Charge Storage Properties of Nanostructured Poly (3,4–ethylenedioxythiophene) Electrodes Revealed by Advanced Electrogravimetry

PEDOT nanowires (NWs) directly grown on the conducting electrode of quartz resonators enable an advanced electrogravimetric analysis of their charge storage behavior. Electrochemical quartz crystal microbalance (EQCM) and its coupling with electrochemical impedance spectroscopy (ac–electrogravimetry or AC–EG) were used complementarily and reveal that TBA(+), BF(4)(−) and ACN participate in the charge compensation process with different kinetics and quantity. BF(4)(−) anions were dominant in terms of concentration over TBA(+) cations and the anion transfer results in the exclusion of the solvent molecules. TBA(+) concentration variation in the electrode was small compared to that of the BF(4)(−) counterpart. However, M(w) of TBA(+) is much higher than BF(4)(−) (242.3 vs. 86.6 g·mol(−1)).
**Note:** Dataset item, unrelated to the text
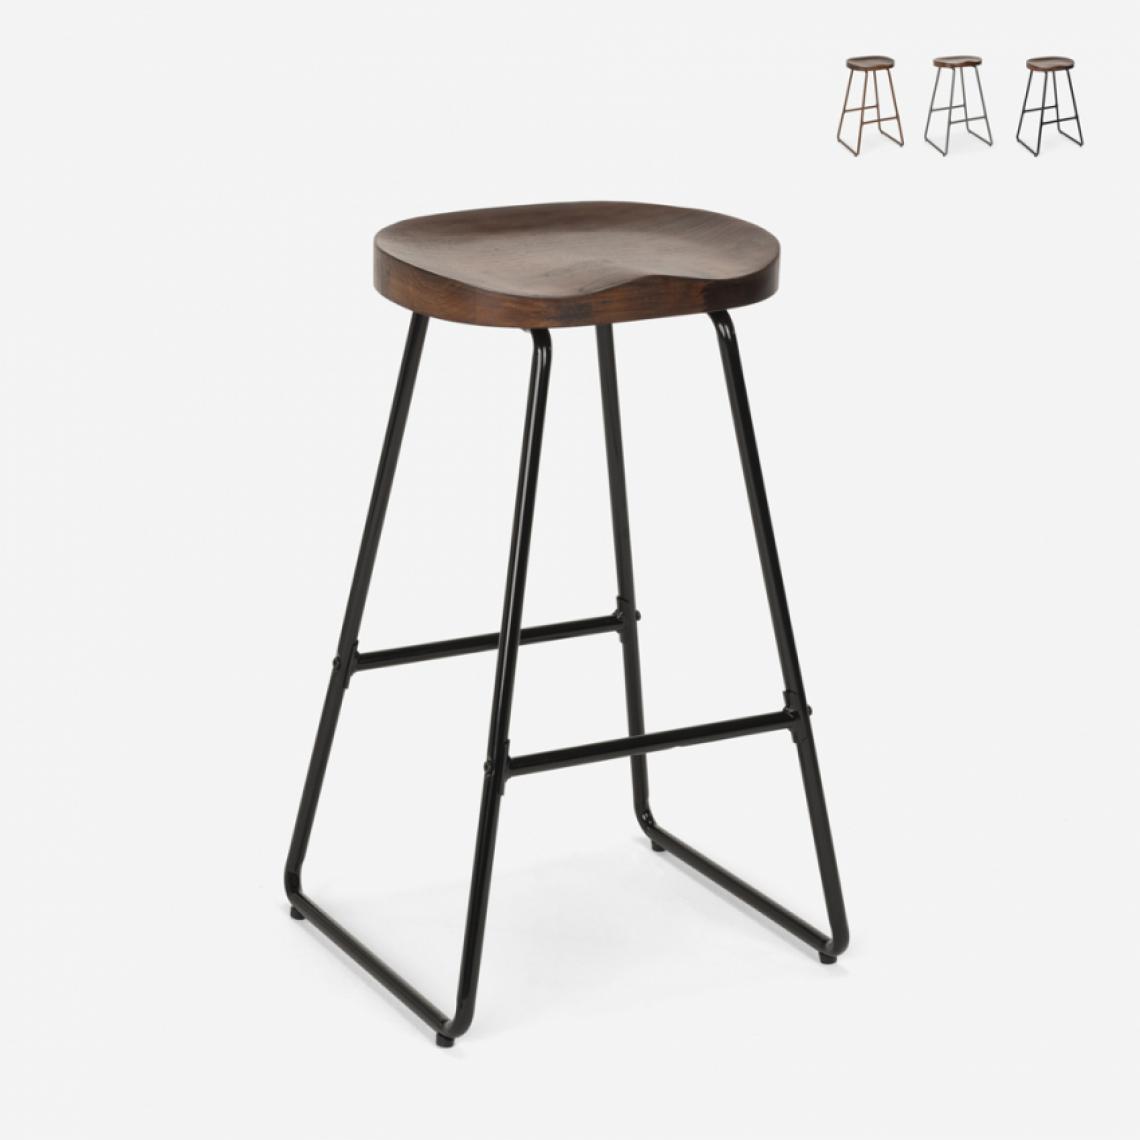 Ahd Amazing Home Design - Tabouret design industriel en métal et bois pour cuisines bars restaurants Carbon, Couleur: Noir - Tabourets

Thus, TBA(+) cations’ gravimetric contribution to the EQCM response was more significant than that of BF(4)(−). Additional contribution of ACN with an opposite flux direction compared with BF(4)(−), led to a net mass gain/lost during a negative/positive potential scan, masking partially the anion response. Such subtleties of the interfacial ion transfer processes were disentangled due to the complementarity of the EQCM and AC–EG methodologies, which were applied here for the characterization of electrochemical processes at the PEDOT NW electrode/organic electrolyte interface.